Evangelio de Juan 18, 33b-37
En aquel tiempo, dijo Pilato a Jesús: «¿Eres tú el rey de los judíos?» Jesús le contestó: «¿Dices eso por tu cuenta o te lo han dicho otros de mí?» Pilato replicó: «¿Acaso soy yo judío? Tu gente y los sumos sacerdotes te han entregado a mí; ¿qué has hecho?» Jesús le contestó: «Mi reino no es de este mundo. Si mi reino fuera de este mundo, mi guardia habría luchado para que no cayera en manos de los judíos. Pero mi reino no es de aquí». Pilato le dijo: «Conque ¿tú eres rey?» Jesús le contestó: «Tú lo dices: soy rey. Yo para esto he nacido y para esto he venido al mundo; para ser testigo de la verdad. Todo el que es de la verdad escucha mi voz».
HOMILÍA
Llegamos al final del año litúrgico con la solemnidad de Cristo rey, una fiesta que pone el colofón al ciclo B y nos sitúa en la antesala del adviento. No es una solemnidad muy antigua, aunque está bien arraigada dentro del calendario cristiano. En el año 1970 el papa Pablo VI situó esta solemnidad en el último domingo del año litúrgico como culminación de todos los misterios de la fe. Supone algo así como el reconocimiento de todo el pueblo de Dios a aquel que, derramando su sangre por amor, se convirtió no solo en un profeta insuperable o en el único y eterno sacerdote, sino también en un rey singular al que merece la pena seguir. Como expresión de ese poder, la Iglesia utiliza un término que hoy puede ser difícil de entender, aunque contenga una innegable base bíblica e histórica; se trata del título de “rey”.
Ya desde el antiguo testamento podemos ver cómo el pueblo de Dios ha sido liderado por tres estamentos básicos: los sacerdotes, los profetas y los reyes. Estos oficios han sido desempeñados de diversas maneras, no todas ellas dignas de elogio. En el lienzo de la historia han quedado grabadas para siempre formas de ejercer el profetismo, el sacerdocio o la realeza que empañan la nobleza original de este servicio al pueblo de Dios y a toda la humanidad. Es por ello que, en no pocas regiones del planeta, estos oficios resulten sospechosos, cuando no en abierta en contraposición con la dignidad del ser humano.
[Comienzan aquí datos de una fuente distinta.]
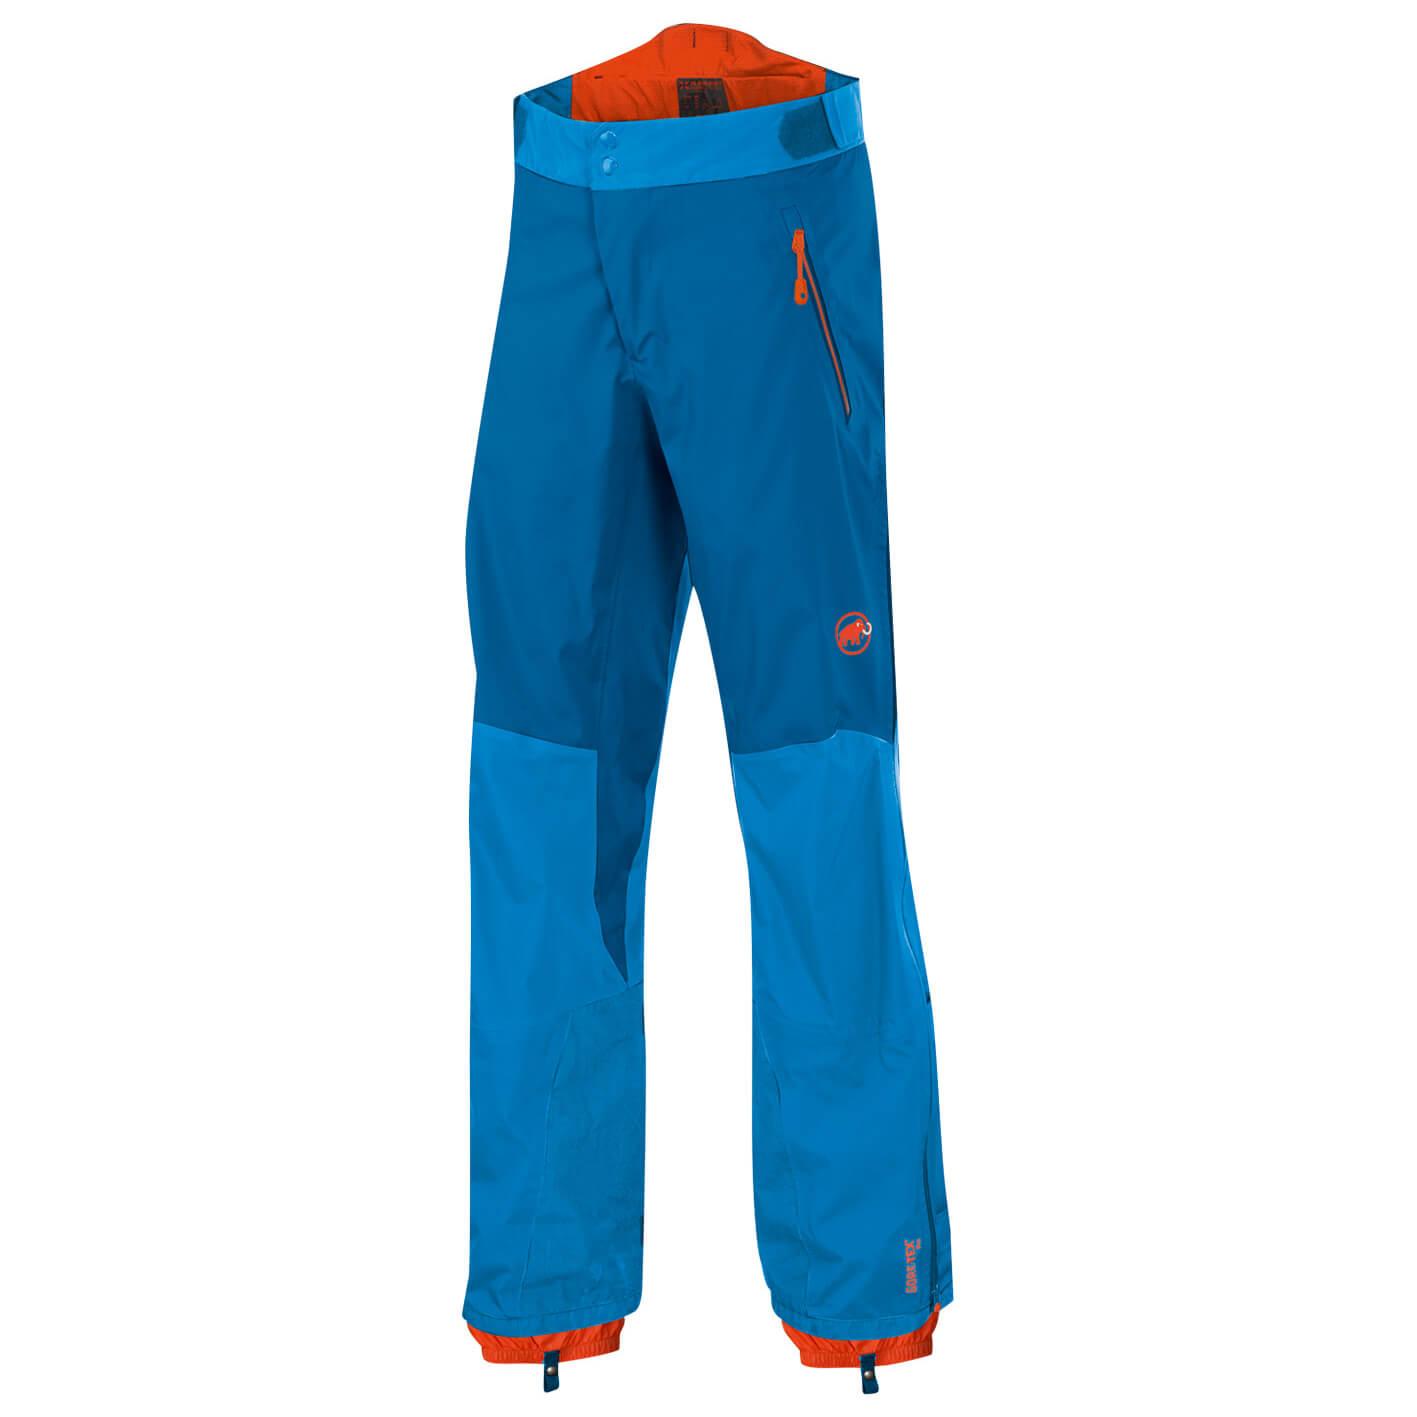 98d171aaf43944 Mammut Nordwand Pro HS Pants - Waterproof trousers Men s
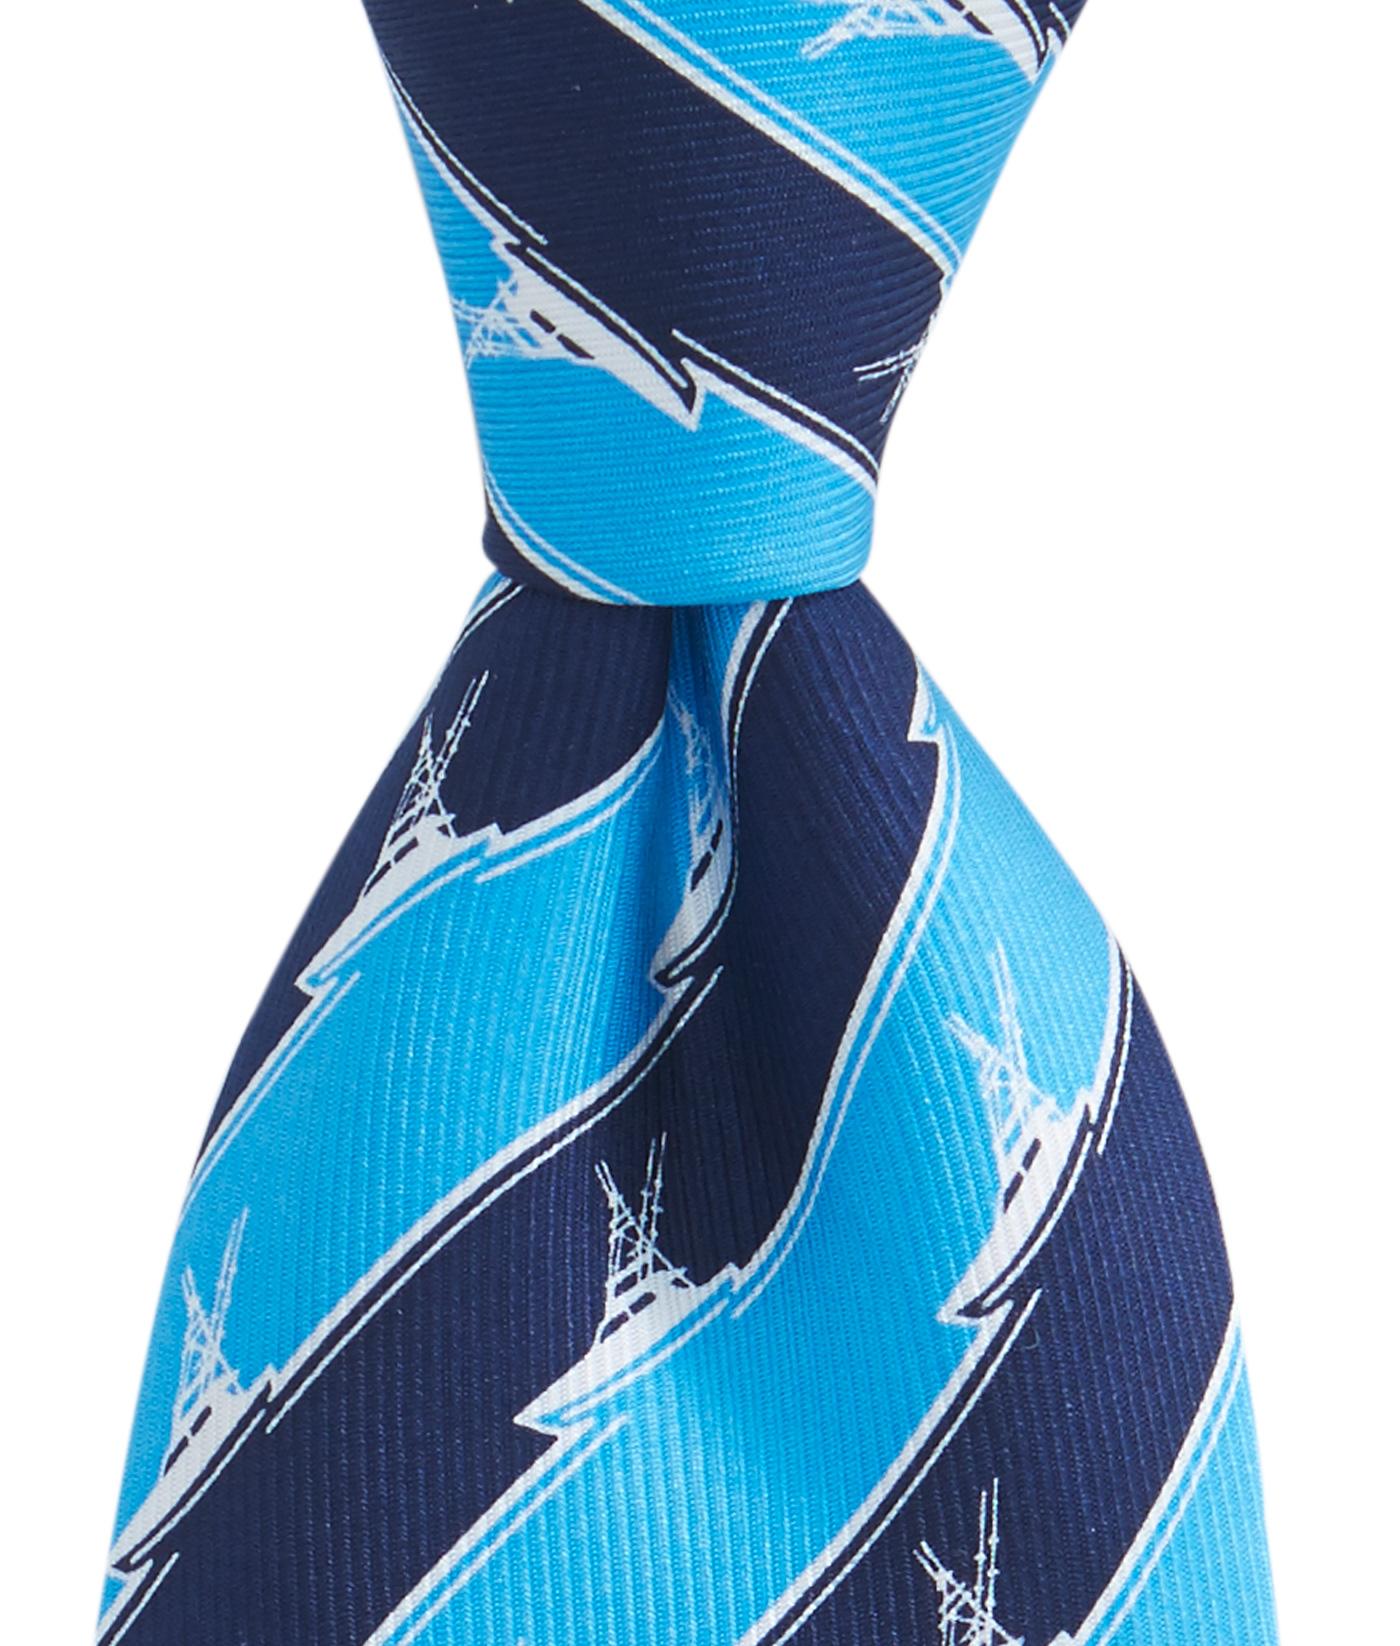 Vineyard Vines Men Sportsfishing Silk NeckTie Pink /& Blue Stripped Style 1T3161

En este sentido, es lógico preguntarse sobre la oportunidad de seguir llamando a Jesús “rey” en un contexto donde la democracia se abre paso como el menos malo de los sistemas políticos posibles. Ciertamente corremos el peligro de caer en una especie de anacronismo pastoral si no traducimos adecuadamente el verdadero sentido de la realeza de Jesús, tal y como él la entendió, no como la Iglesia la ha presentado en muchas ocasiones a lo largo de la historia para justificar regímenes monárquicos no siempre justos.
Las lecturas de este domingo nos dan algunas claves para entender el sentido de la realeza de Jesús, así como para comprender mejor un término fundamental en su predicación: el “reino de Dios”. ¿En qué sentido hay que entender este “reino”? ¿Cómo es posible interpretar hoy día la realeza de Jesús sin caer en posiciones tradicionalistas o totalitarias?
En realidad, Jesús nunca se atribuyó el título de “rey”; ni tan siquiera en el relato del evangelio de Juan que escuchamos hoy reconoce directamente en este título. Jesús no se presenta como poseedor de un reino, sino como mensajero y parte del mismo. El adjetivo “mi”, referido al reino, no hay que entenderlo en sentido posesivo, sino como una pertenencia afectiva. Este adjetivo, antepuesto a un nombre propio (como es el caso de “reino”) aporta un valor afectivo o enfático más que posesivo. Todo queda mucho más claro cuando Jesús afirma que su reino “no es de este mundo”; es decir, no se rige por los parámetros organizativos mundanos, sino por la misericordia de Dios.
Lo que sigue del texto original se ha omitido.